Predictor.set_prediction_parameters(freq, prediction_length)list_of_df = Predictor.predict(violation_list_training[:5])actual_data = violation_list[:5]for k in range(len(list_of_df)): plt.figure(figsize=(12,6), dpi=75, facecolor='w') plt.ylabel('Violations') plt.xlabel('Date') plt.title('Chicago Speed Camera Violations:' + unique_addresses[k]) actual_data[k][-prediction_length-context_length:].plot(label='target') p10 = list_of_df[k]['0.1'] p90 = list_of_df[k]['0.9'] plt.fill_between(p10.index, p10, p90, color='y', alpha=0.5,label='80% confidence interval') list_of_df[k]['0.5'].plot(label='prediction median')
The pattern displayed above indicates that the prediction is as the target and test data within 80% reliability.It also indicates that the 1111 N Humboldt streets have risen on January 31, 2020, February 8, 2020, and February 15, 2020 (Saturday).

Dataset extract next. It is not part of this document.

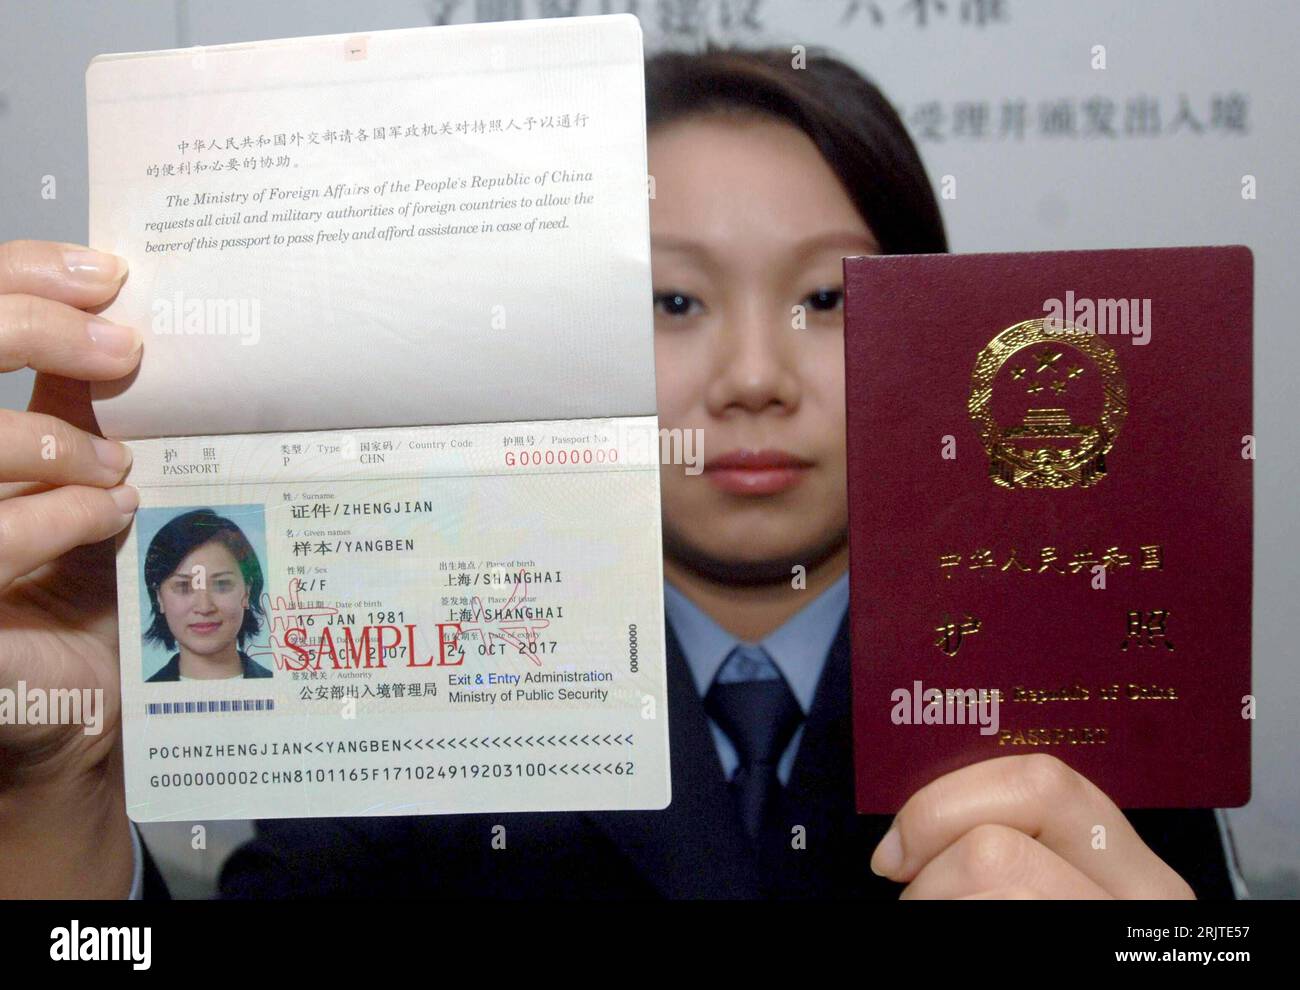 Сколько человек получили гражданство китая. Китайская подпись. Китайские подписи в паспортах.
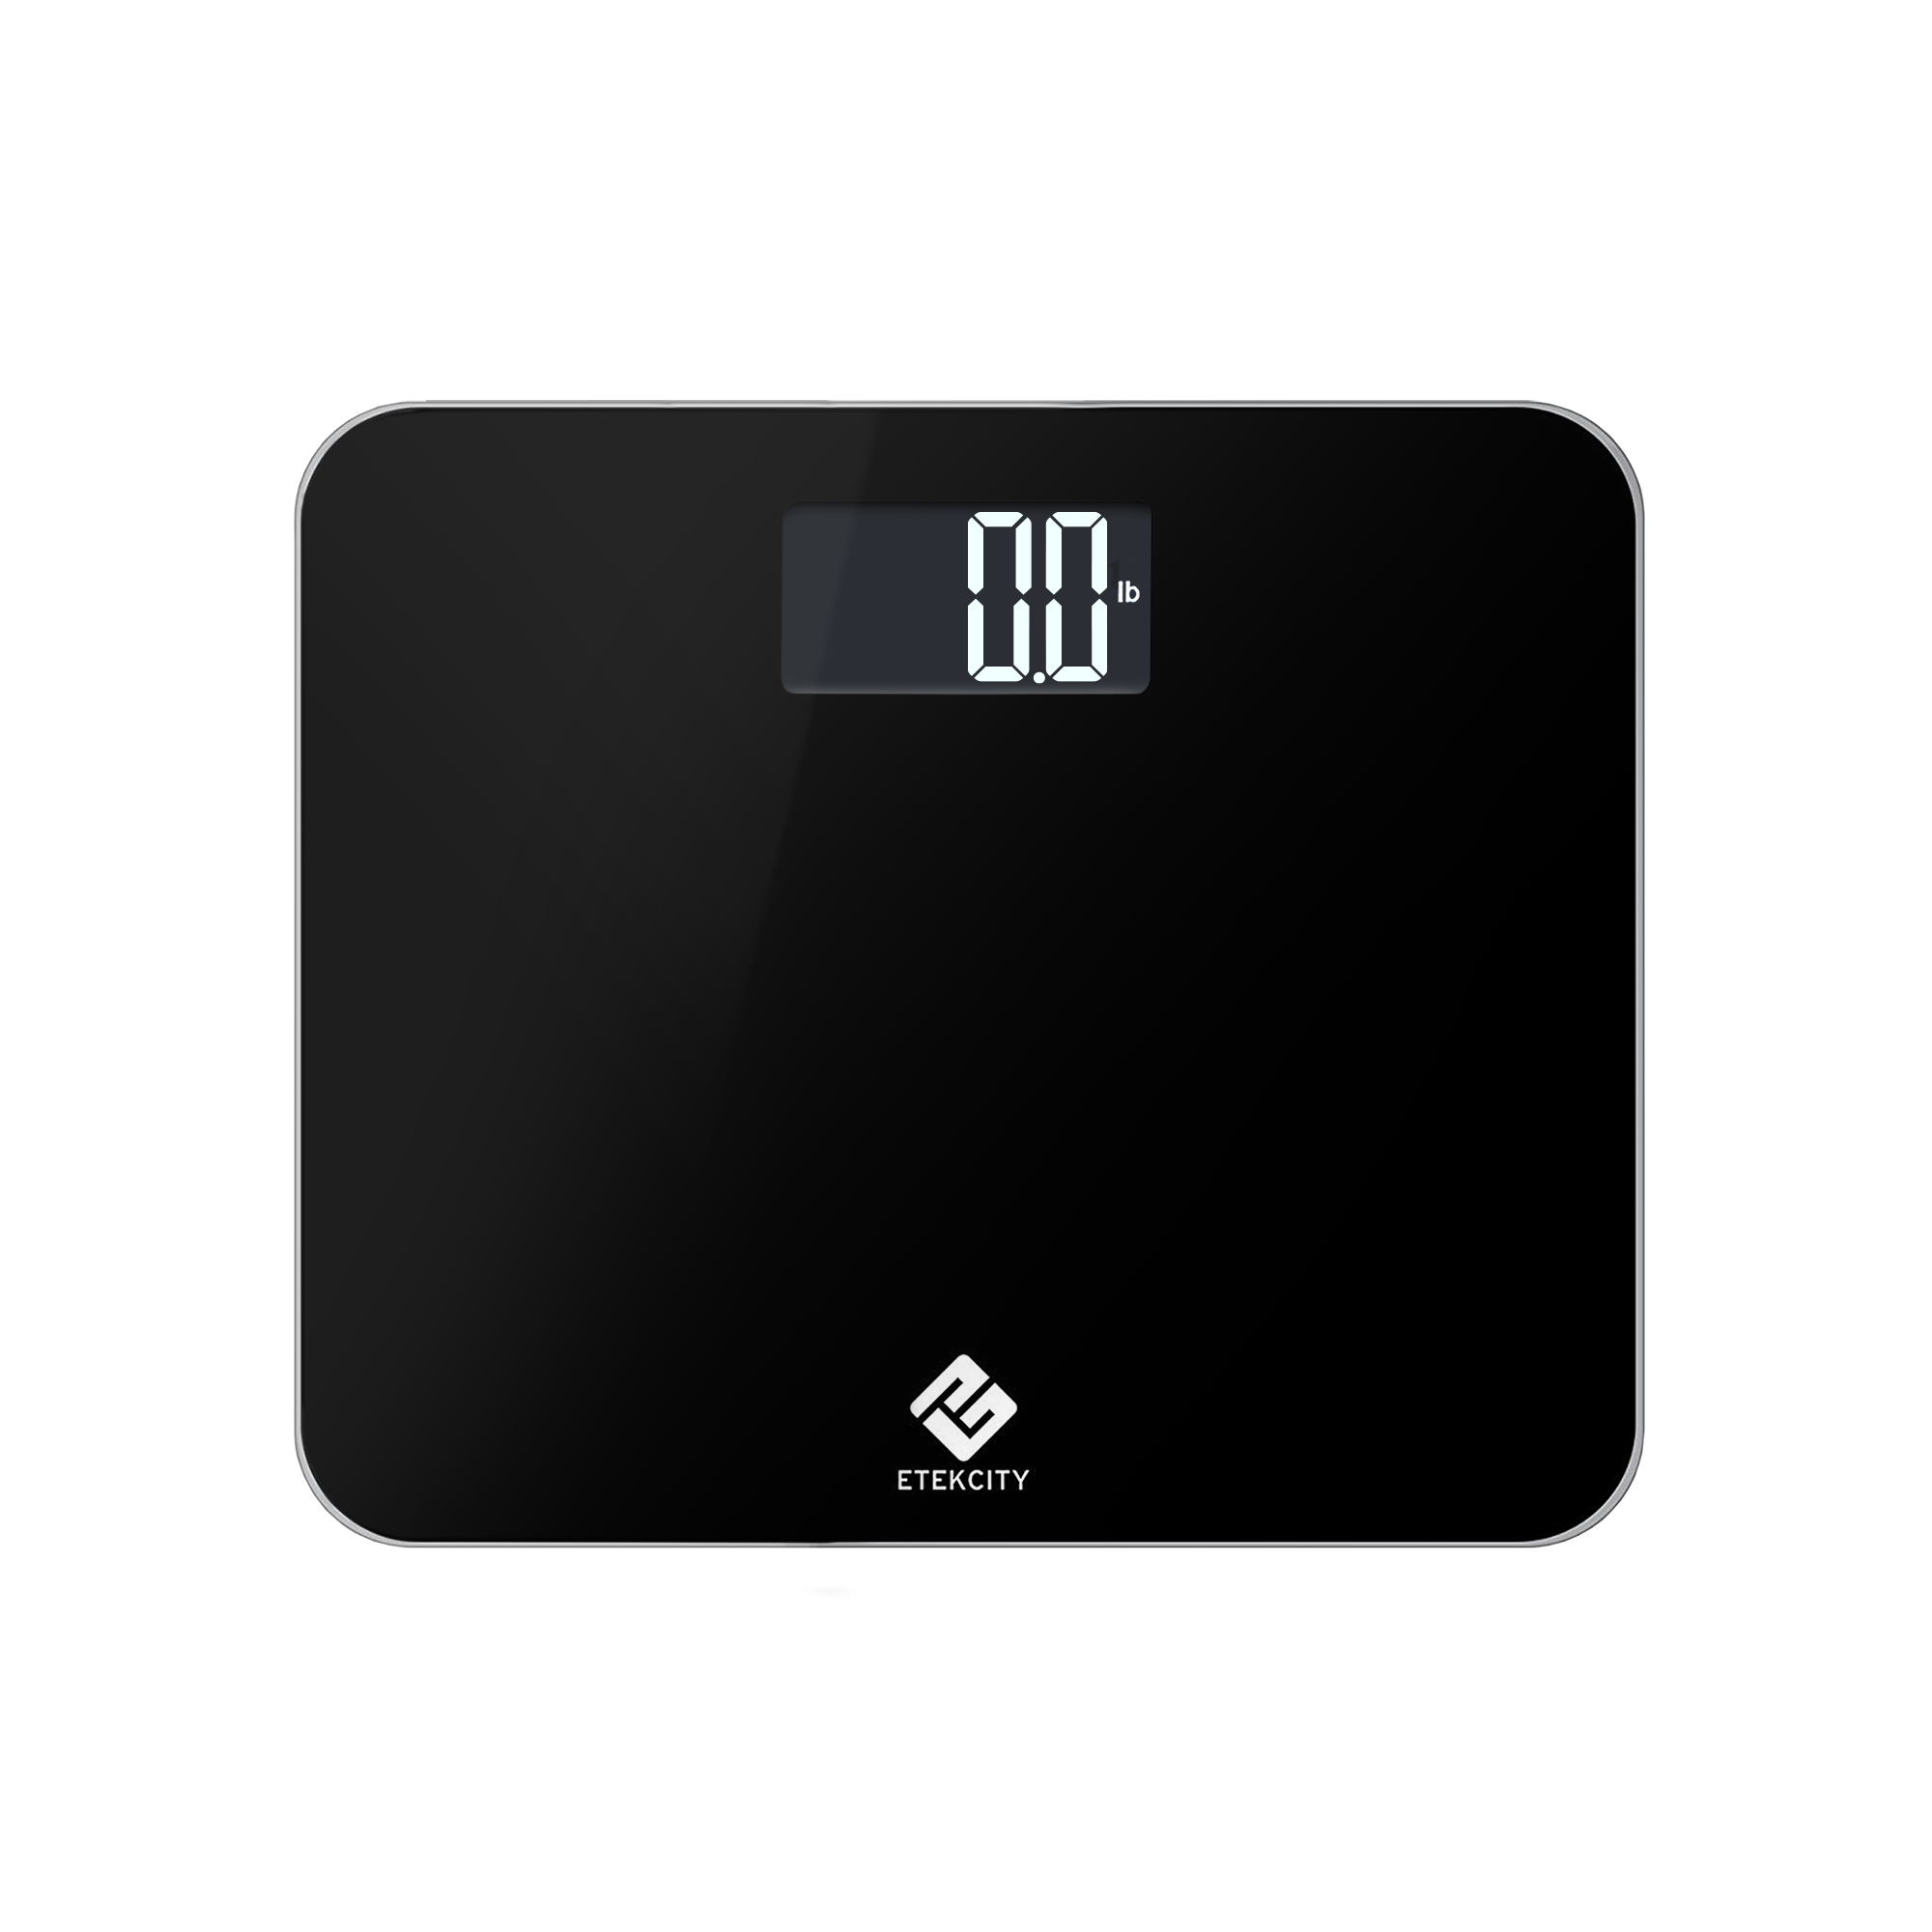 Digital Bathroom Scale in Black

If you use all data points continuously to graph this data, you can check the seasonal patterns that indicate that speed violations will rose sharply in the middle of the year and in the summer.
Clean -up
After completing this tutorial, be sure to delete the predicted endpoints so that the AWS account does not charge.See the following code:
Predictor.delete_endpoint(endpoint_name)
Amazon Sagemaker notebook instance also needs to be deleted.See Step 9: Cleanup for the procedure.
summary
In this post, we used Amazon Sagemaker's Deepar algorithm to train models, predict multiple addresses at various camera positions, observed the speed violation over time, and identified the seasonality.Using this data, the model can predict the rapids and violations that occur during the weekend and summer and subsequent periods.Such an analysis helps drivers to predict a street that is likely to be driven at a variety of times of one year.Cities can implement pre -measures to reduce operating speed, increase safety, and create alternative routes to reduce congestion.
If you need to predict multiple related time series in your business, you can use Deepar algorithms and solutions for this post.For more information about Deepar algorithm, see the Deepar algorithm mechanism.For the design method of algorithm, see Deepar: probable prediction using the self -regained recurrent network.
Viral Desai is AWS solution architect.We provide architecture guidelines so that customers can succeed in the cloud.In spare time, I play tennis and enjoy spending time with my family.